# Data below

━━━

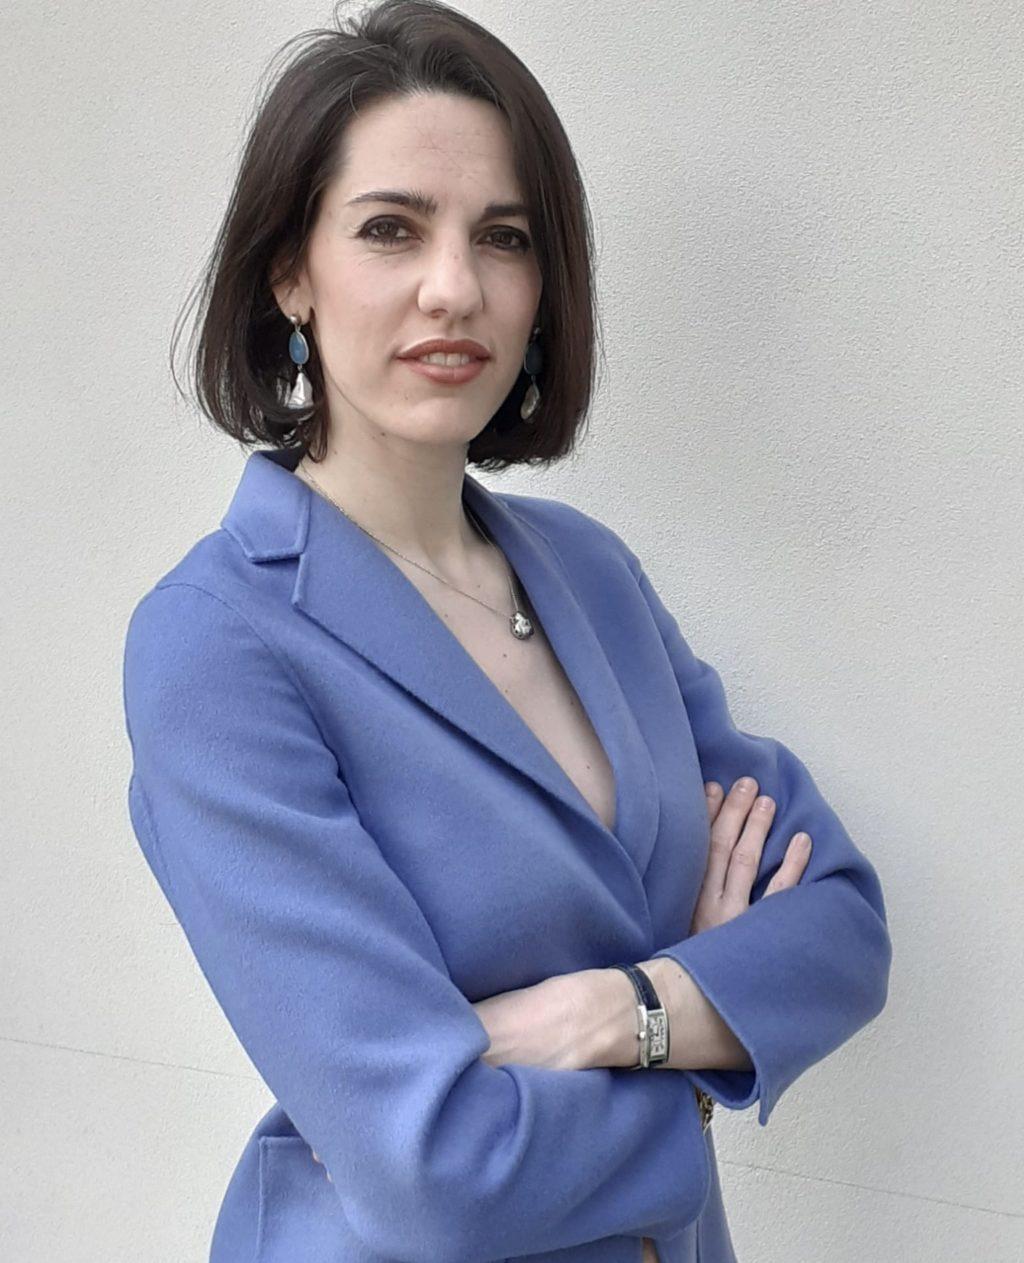 Ludovica Codecasa
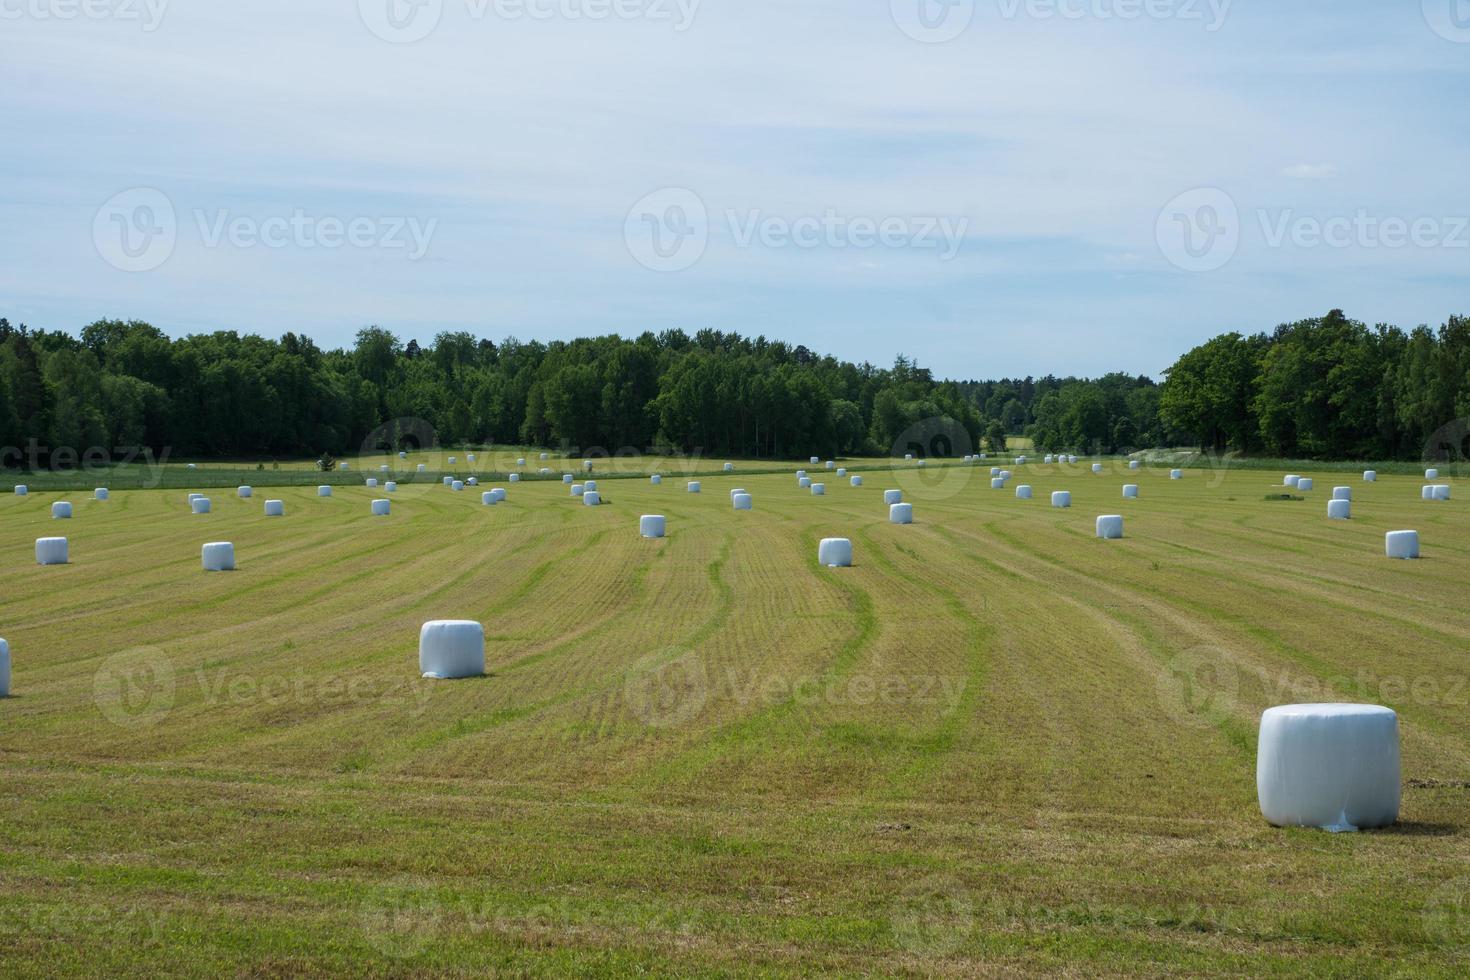 geerntetes Feld gefüllt mit weißen Heuspulen foto
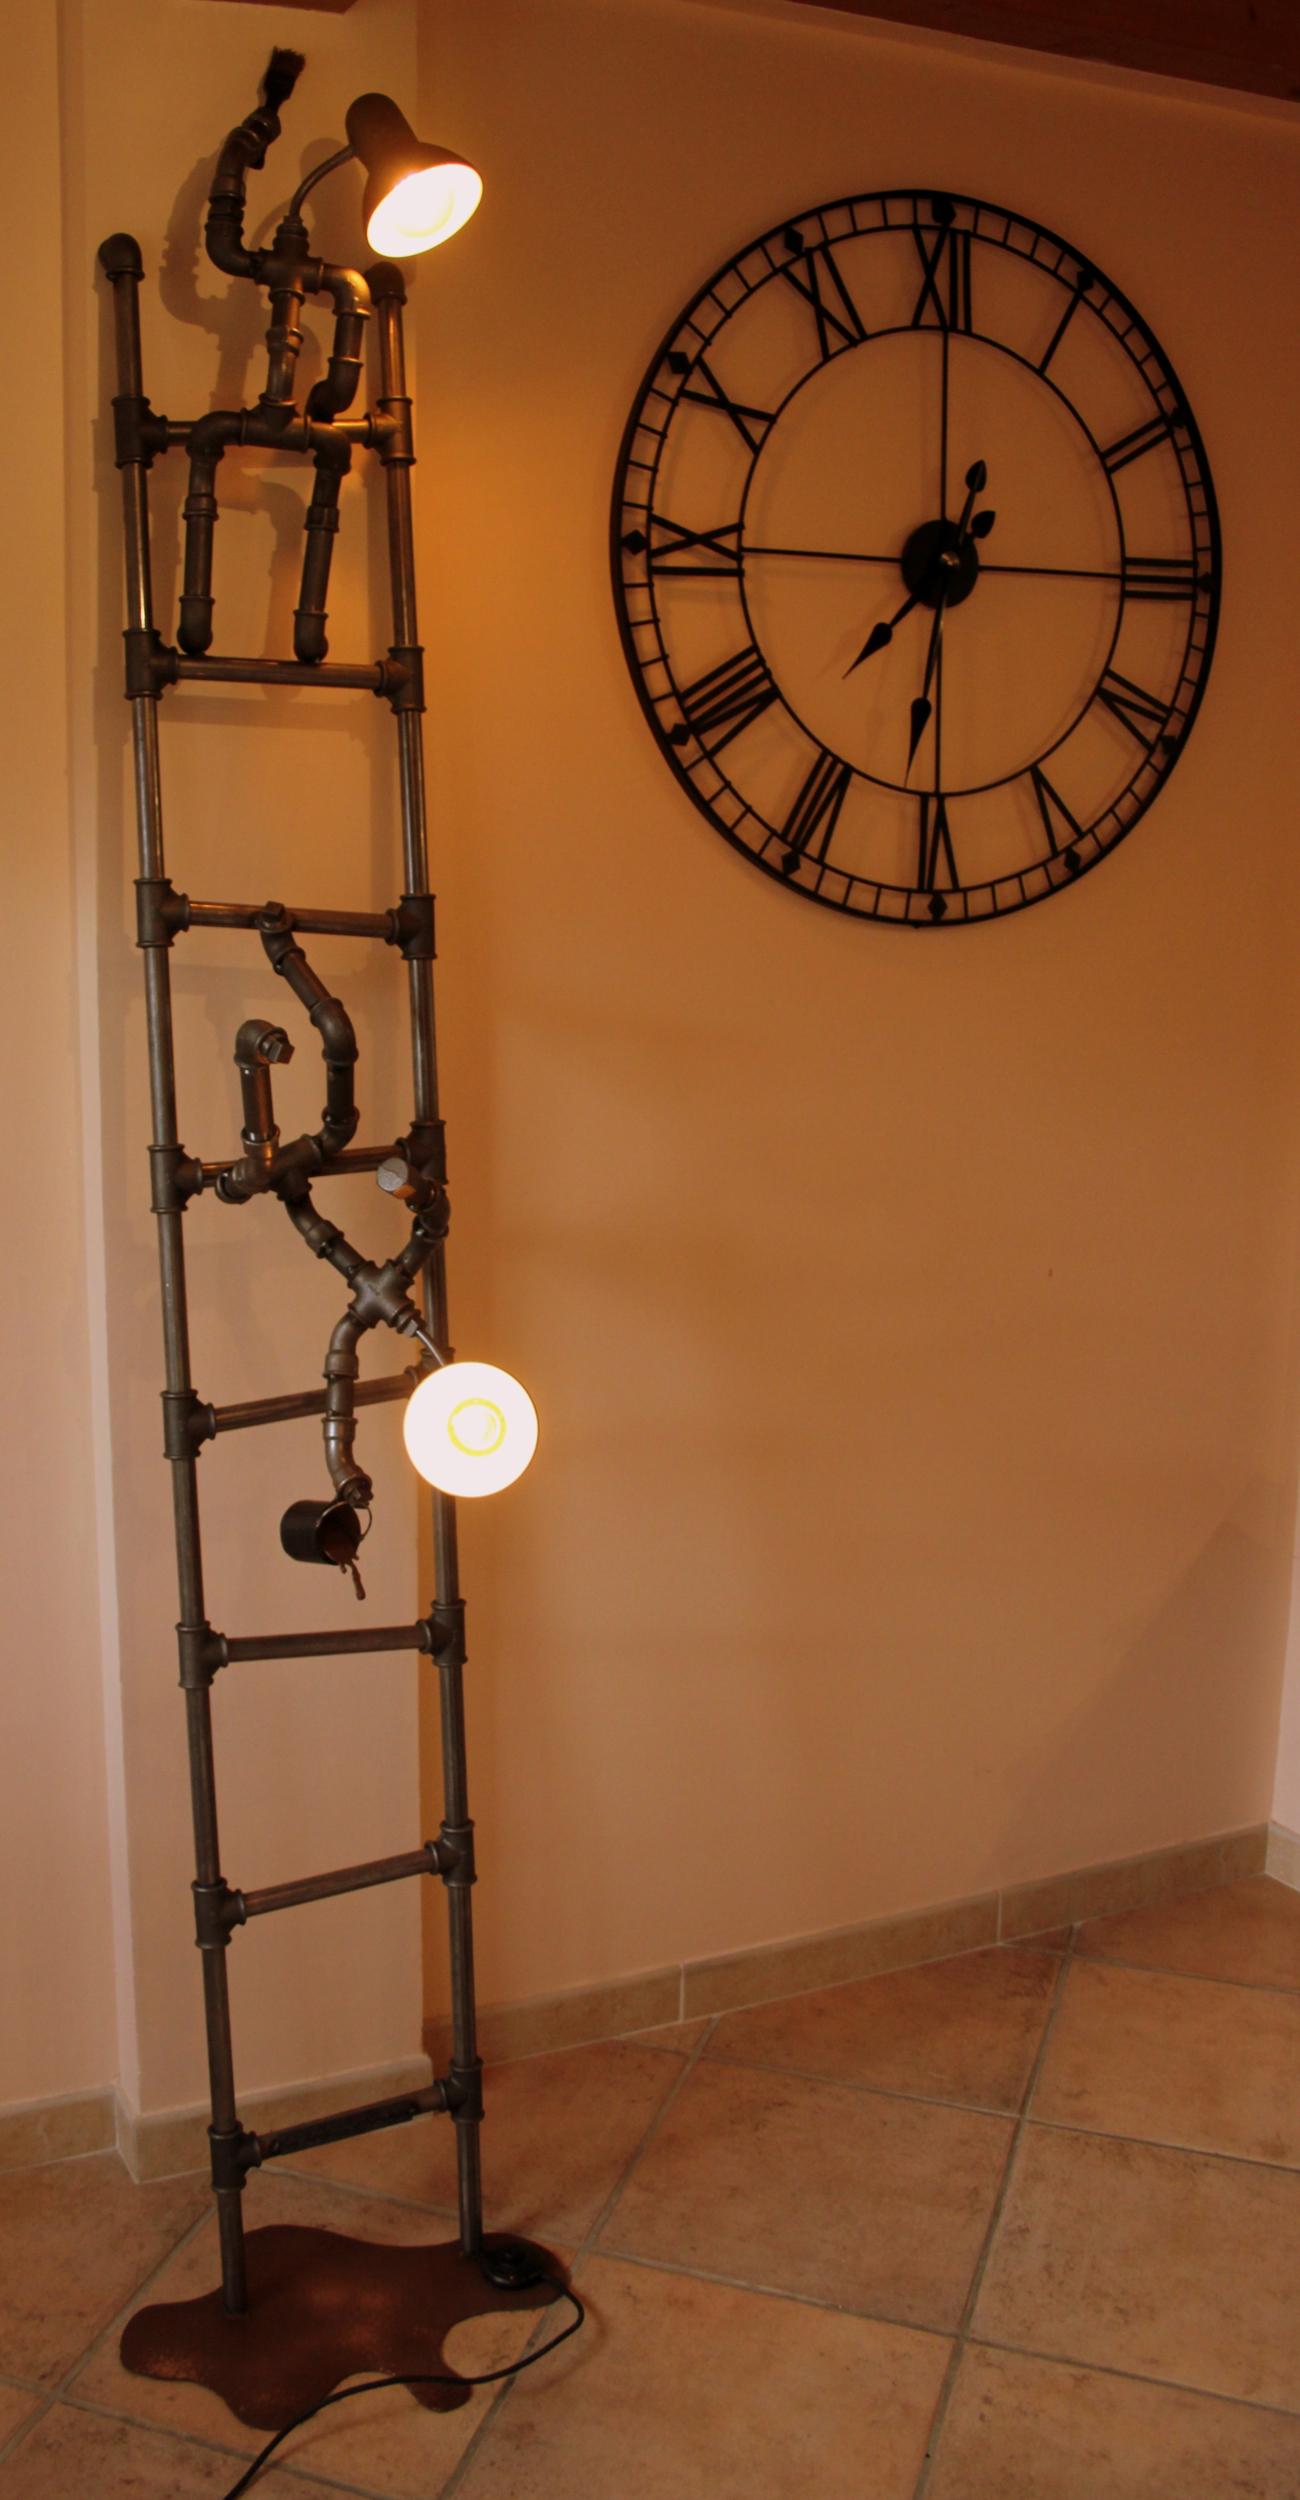 lampadaire original-le labo du kraken-lampadaire peintre-lampadaire rigolo-lampadaire vintage-lampadaire acier-lampadaire tuyau

━━━

# Task details
Copy the material verbatim. The pictures are not part of the copy.

# Answer box
 Ludovica Codecasa
 geerntetes Feld gefüllt mit weißen Heuspulen foto
 lampadaire original-le labo du kraken-lampadaire peintre-lampadaire rigolo-lampadaire vintage-lampadaire acier-lampadaire tuyau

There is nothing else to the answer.